Thanks for all the hints!

I'm a good Linux guy and former IRIX nerd who's got thrown into an AIX/Oracle install. (I don't mind getting thrown in the deep end. I just wish the pool had water in it...)

The ntp server and both clients are all in the same time zone and on the same subnet. (I'm doing the test environment install as backup to the guy doing the production install.)
The AIX boxes have TZ in /etc/environment as

TZ=PST8PDT-7,M3.2.0/2:00:00,M11.1.0/2:00:00

Where can I find the log files to examine?
A default install of AIX 5.3 TL9 SP6 doesn't seem to install ntpdate.
Shockneck: What chssys changes do you suggest?

Thanks!
dafydd

---------- Post updated at 11:31 AM ---------- Previous update was at 11:06 AM ----------

Found bootlog and conslog. Bootlog has nothing related to xntpd. Conslog only notes that xntpd has received start requests.

Trying this

/usr/sbin/xntpd -l /tmp/xntpd.log -D 10

---------- Post updated at 11:40 AM ---------- Previous update was at 11:31 AM ----------

Scratch the ntpdate thing. For some reason, even with /usr/sbin in the path, AIX will say ntpdate isn't found. Running it got me this:

# /usr/sbin/ntpdate -d <IPADDR>
13 May 11:33:27 ntpdate[462852]: 3.4y
transmit(<IPADDR>)
receive(<IPADDR>)
transmit(<IPADDR>)
receive(<IPADDR>)
transmit(<IPADDR>)
receive(<IPADDR>)
transmit(<IPADDR>)
receive(<IPADDR>)
transmit(<IPADDR>)
server <IPADDR>, port 123
stratum 11, precision -20, leap 00, trust 000
refid [127.127.1.0], delay 0.02574, dispersion 0.00000
transmitted 4, in filter 4
reference time:      cf96c466.644973b0  Fri, May 14 2010  1:33:10.391
originate timestamp: cf96c49f.ac1255cd  Fri, May 14 2010  1:34:07.672
transmit timestamp:  cf95ff97.1a4c3000  Thu, May 13 2010 11:33:27.102
filter delay:  0.02582  0.02574  0.02579  0.02576
               0.00000  0.00000  0.00000  0.00000
filter offset: 50440.56 50440.56 50440.56 50440.56
               0.000000 0.000000 0.000000 0.000000
delay 0.02574, dispersion 0.00000
offset 50440.569358

13 May 11:33:27 ntpdate[462852]: step time server <IPADDR>offset 50440.569358
# date
Thu May 13 11:33:53 PDT 2010

What occurs to me is the way smitty chtz changed the variable in /etc/environment:

TZ=PST8PDT-7,M3.2.0/2:00:00,M11.1.0/2:00:00

I don't see that "-7," or similar for other timezones, in any documentation, anywhere. So, I've changed the var to

TZ=PST8PDT,M3.2.0/2:00:00,M11.1.0/2:00:00

and rebooted (just to be thorough). I'll post what happens...

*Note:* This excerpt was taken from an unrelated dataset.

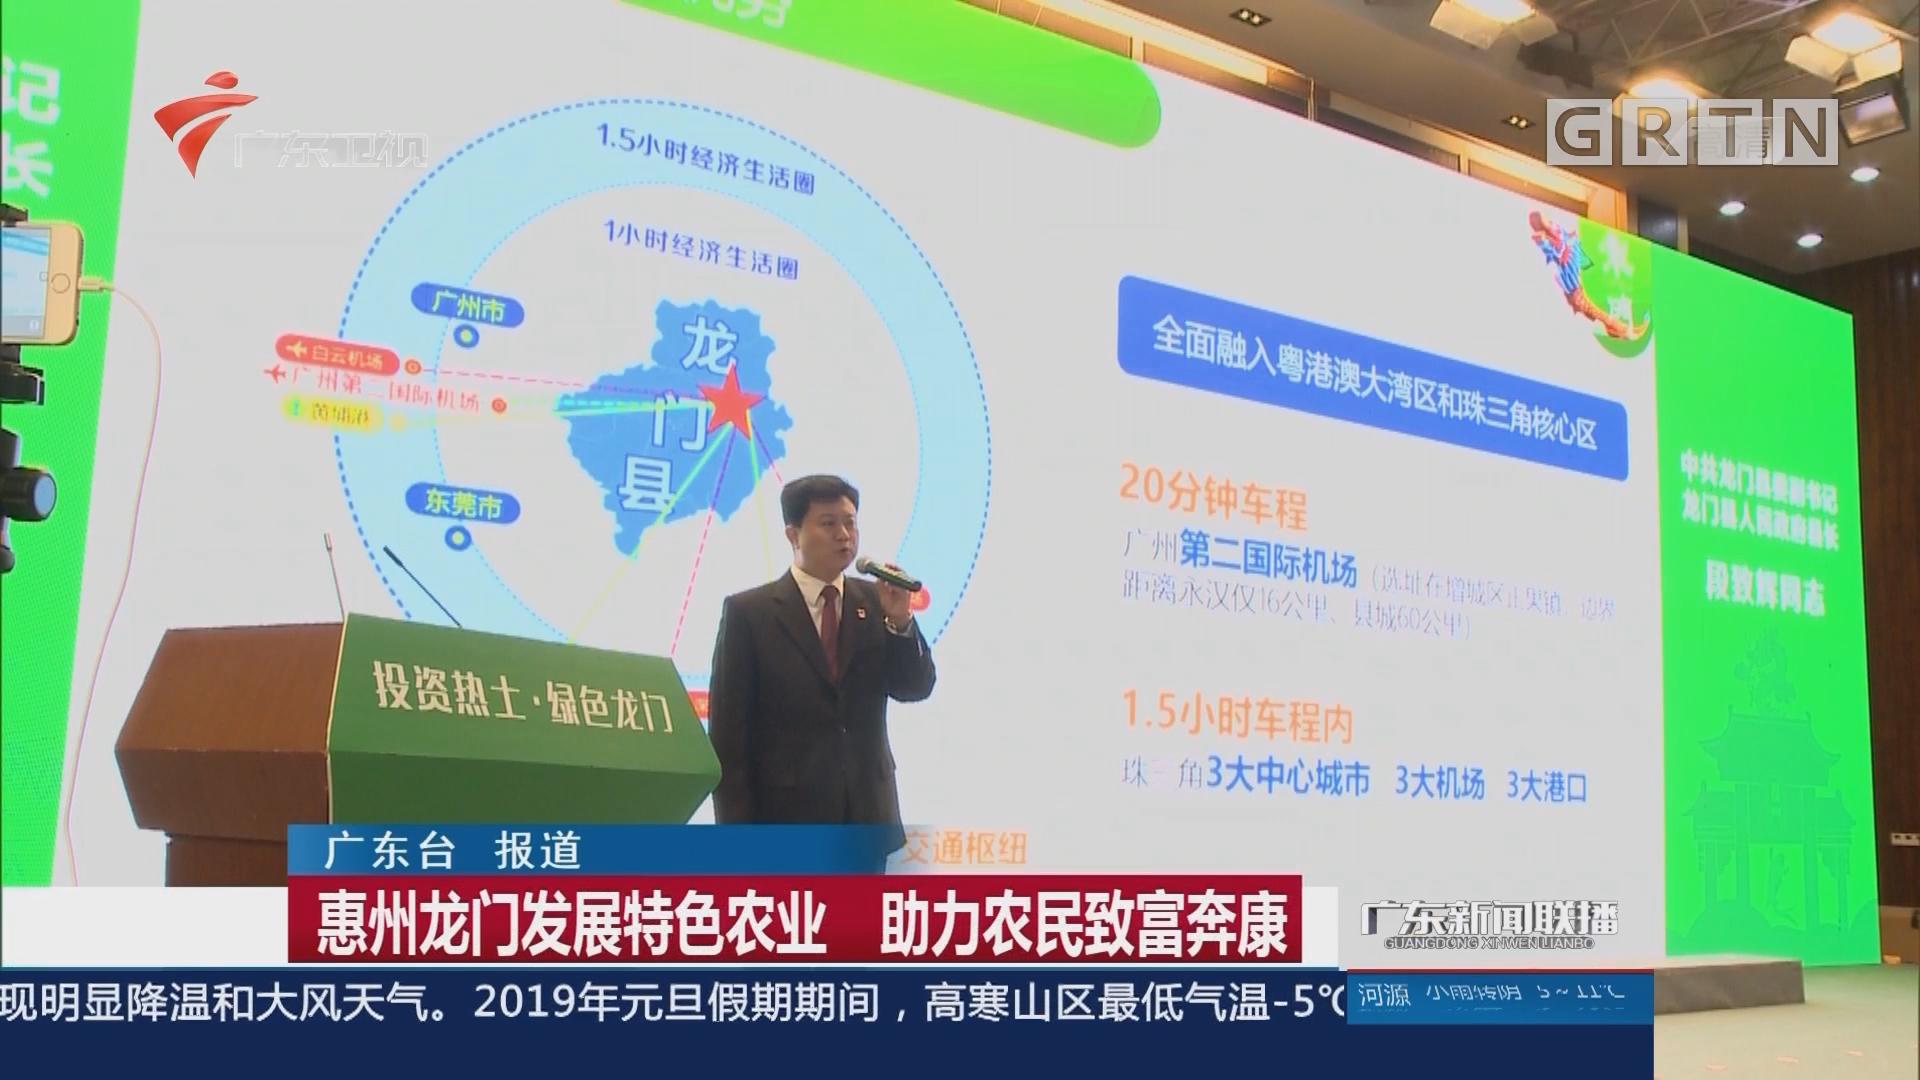 惠州龙门发展特色农业 助力农民致富奔康

---------- Post updated at 11:49 AM ---------- Previous update was at 11:40 AM ----------

And, after reboot, the time jumped forward 10 hours. WT*?

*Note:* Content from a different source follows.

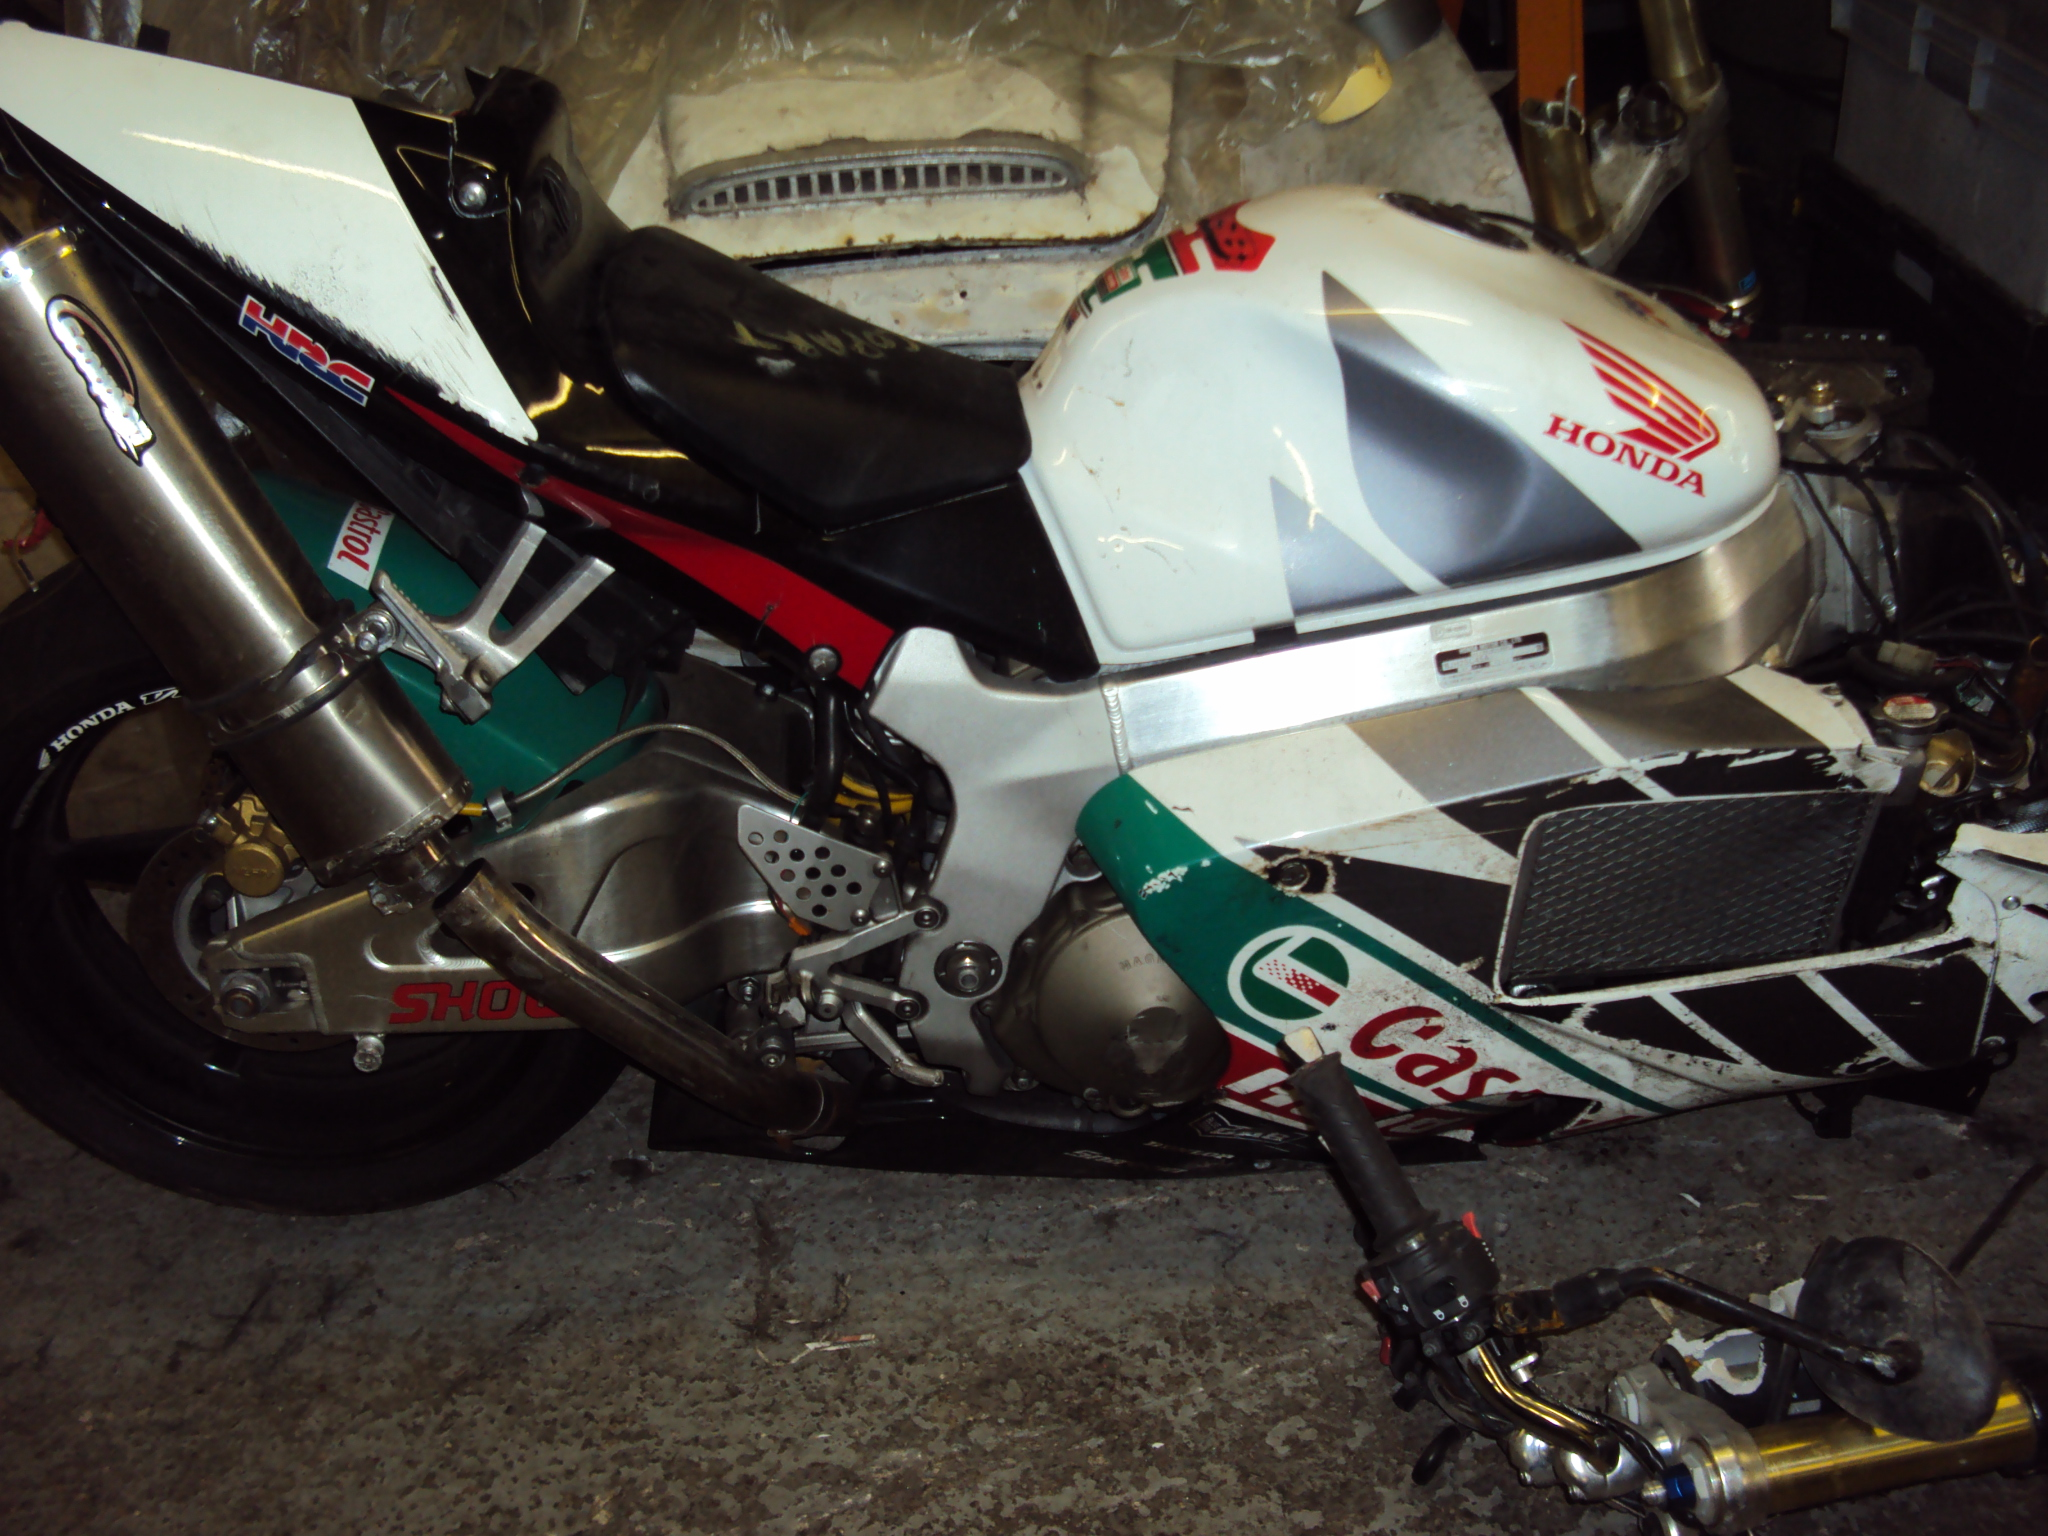 Suzuki Motorcycle Breakers Online

Fix that, rerun ntpdate...

This starts to look closer. Still digging...

---------- Post updated at 11:55 AM ---------- Previous update was at 11:49 AM ----------

RTFM. Find out that the ntpdate -d switch doesn't actually change anything. Rerun as "ntpdate -b"

Okay, I've synchronized everyone. Now to see if xntpd will stay up for more than 15 minutes at a stretch...

shockneck · May 13, 2010, 3:10pm

Yes, that would cause xntpd to die. As you did reboot and you did not see any time difference before that my No. 1 suspect is still the TZ which might have been changed in the /etc/environment but needs a reboot to become active.

dafydd2277 · May 13, 2010, 3:17pm

And, all appears good. So,

Reference IBM - Managing the Time Zone Variable for how to create a timezone string.
Set the TZ variable in /etc/environment by hand.
Reboot, or "export TZ=<timezone_string>"
/usr/sbin/ntpdate -b <ntp server>
"startsrc -s xntpd" or
"startsrc -s xntpd -a "-x""

and give yourself a half-hour coffee break. Check and verify xntpd is still running, and you're good to go.

kah00na · May 18, 2010, 2:11pm

To see what error it is actually throwing, add this to your /etc/syslog.conf (all one line):

daemon.debug    /var/log/syslog.daemon.debug    rotate size 5m files 1  # maintain 1 archived file, 5M

Touch the log file because the inetd won't create it:

touch /var/log/syslog.daemon.debug

then restart your inetd process:

stopsrc -s inetd; startsrc -s inetd

Restart your xntpd:

stopsrc -s xntpd; startsrc -s xntpd

Once it dies, look in the /var/log/syslog.daemon file for any errors. Maybe that will show what is going on.